Surface Instability on Cryogenic Swirl Flow at Sub- to Supercritical Conditions

Abstract

An experimental investigation was conducted to discover the characteristics of a cryogenic swirl flow at subcritical to supercritical conditions. In the experiment, liquid nitrogen was injected into a high-pressure chamber through an open-type simplex swirl injector. The flow was imaged by high-speed photography, and the instability frequency was measured by the laser beam diagnostics of the flow. Comparing the flow images of the cryogenic and conventional swirl flows, different behaviors were noted, and it was hypothesized that the instability of the cryogenic swirl flow was dominated by the precessing vortex core in the central toroidal recirculation zone.

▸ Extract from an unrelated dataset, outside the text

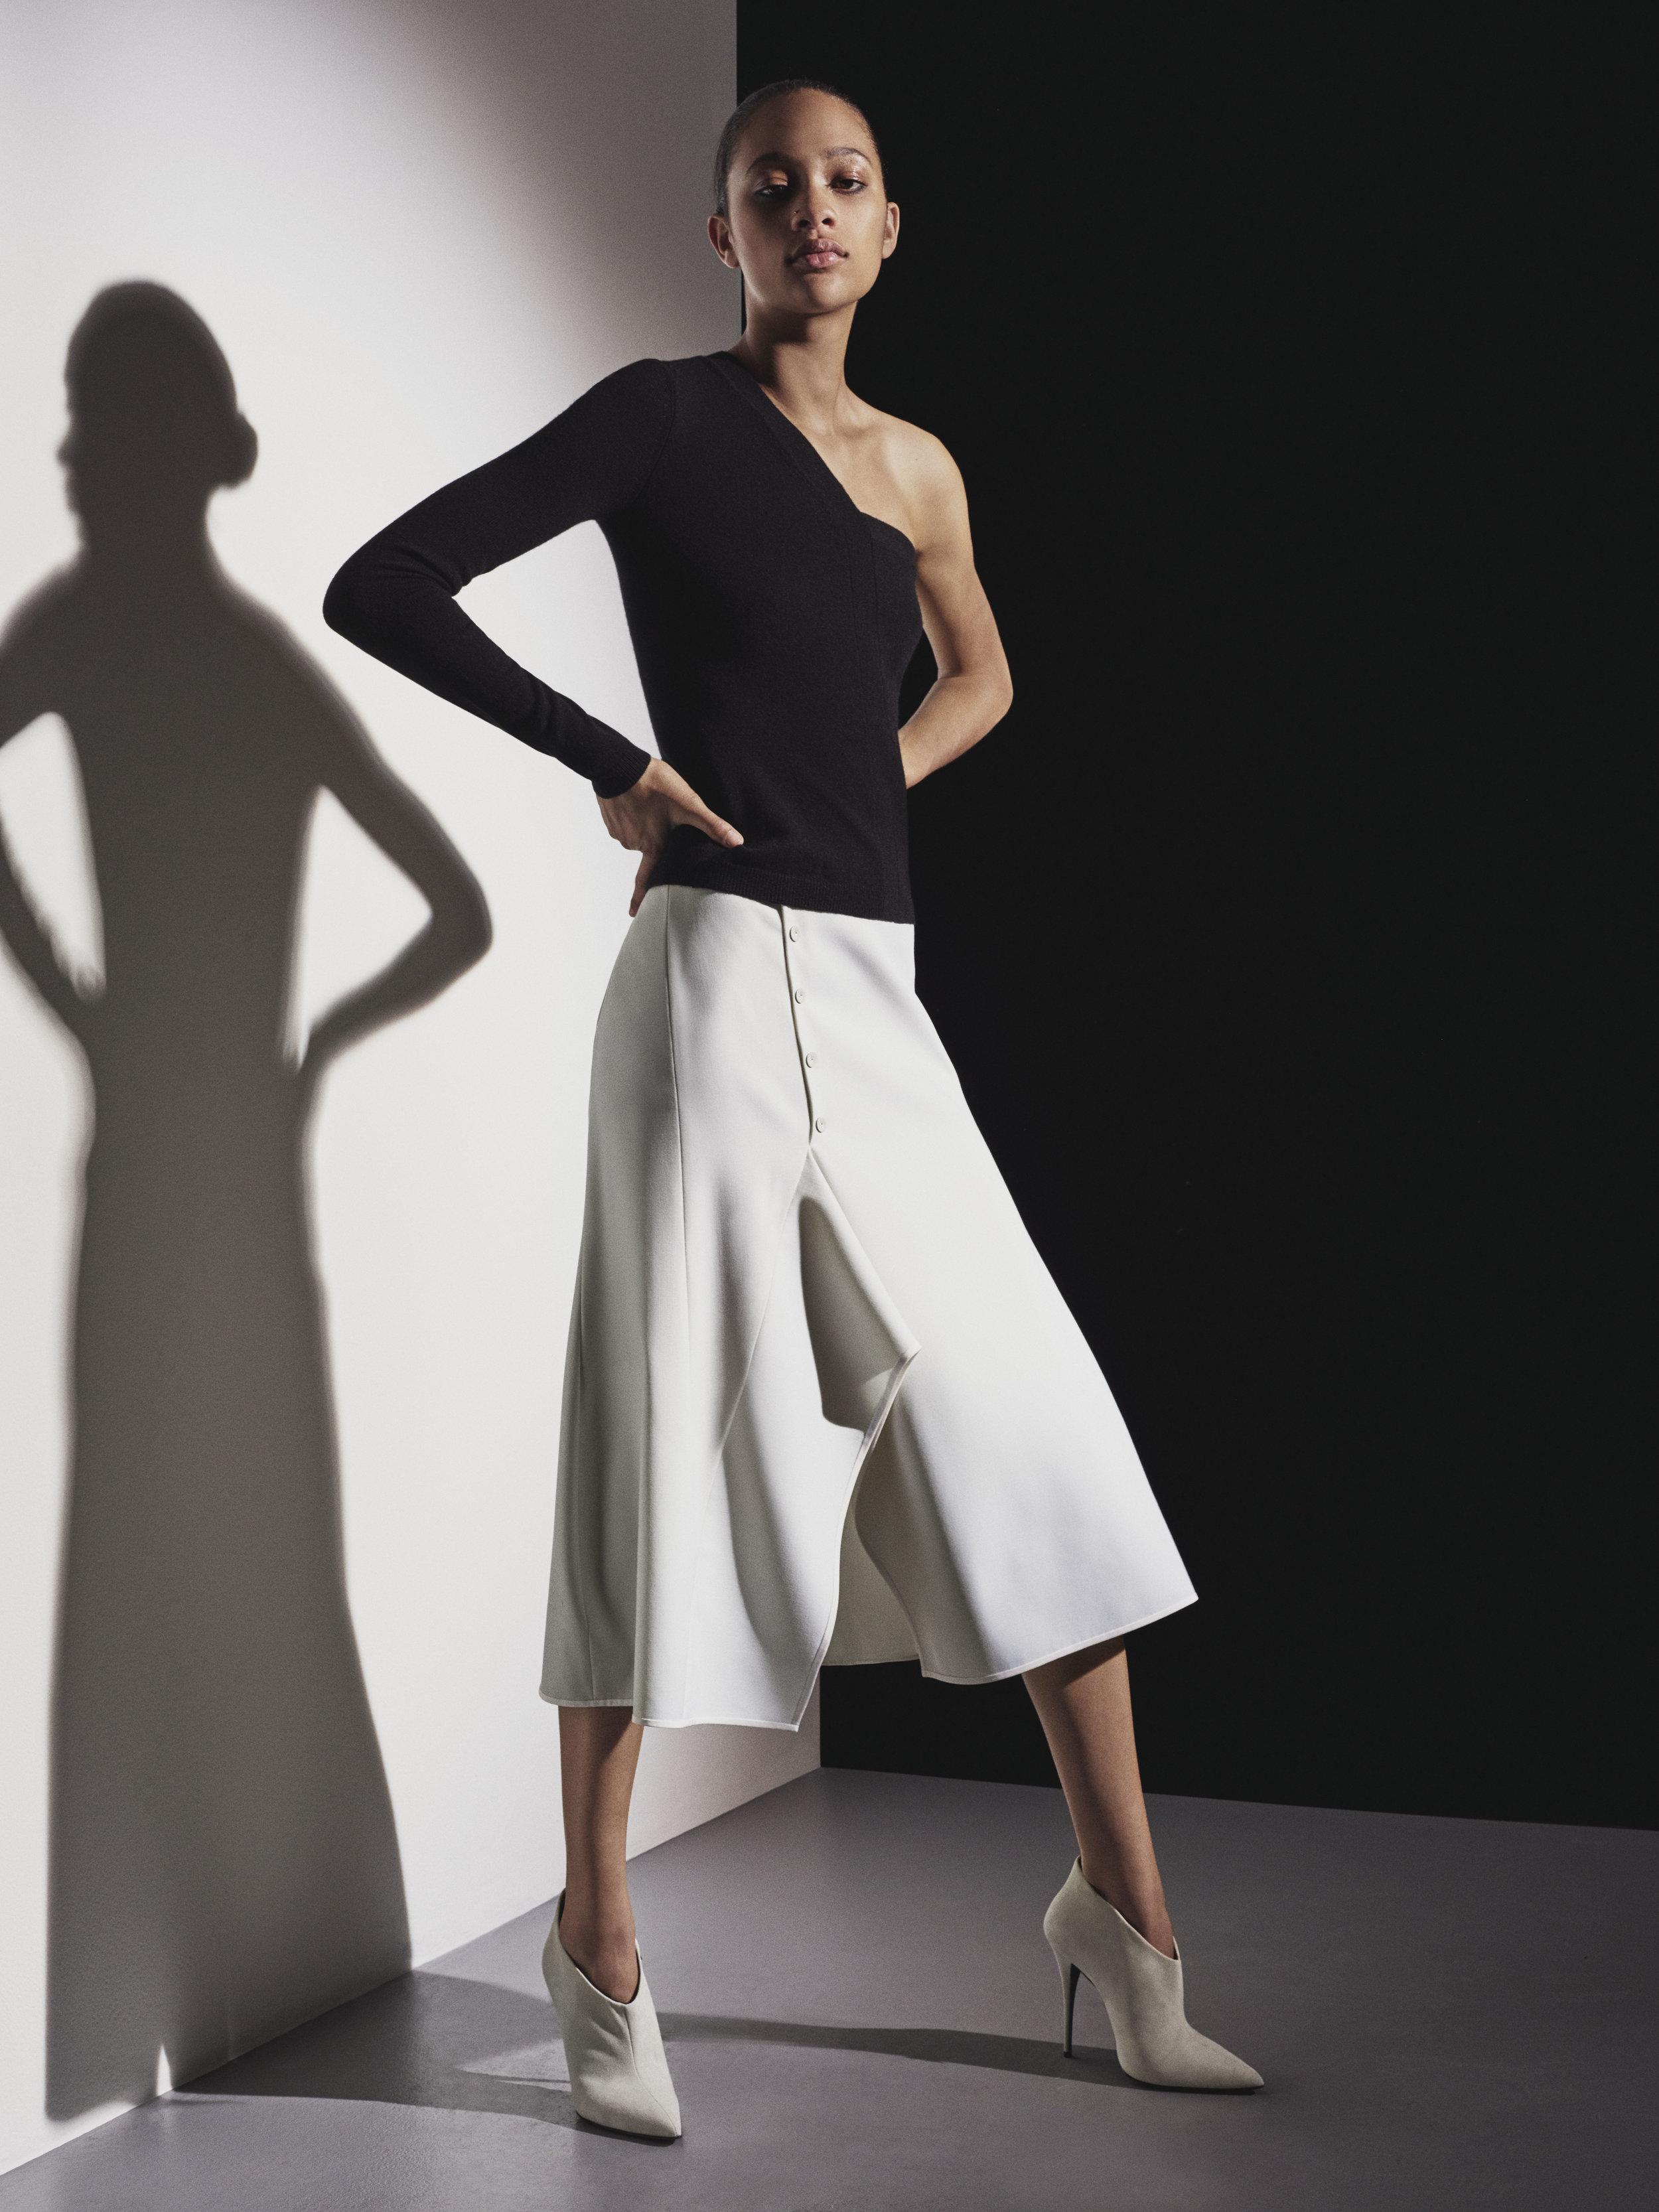 Look 10 Black one-shoulder knit top with white wool gabardine skirt.

When the ambient condition of the flow was changed from subcritical to supercritical, the phase change and subsequent density change of the injectant differed, and flow actions, such as the behavior of the downstream flow, the spray angle, the wavelength, and the propagation velocity, changed drastically. When measuring the frequency of the flow instability, it was found to correspond to that of the precessing vortex core instability. The frequency decreased with the ambient pressure due to the decreasing flow velocity, but it did not change drastically when the surrounding conditions changed from subcritical to supercritical. This implies that the interface of the flow is highly affected by the density of the phase-changed injectant, but that the instability of the flow is determined by the flow in a liquid state.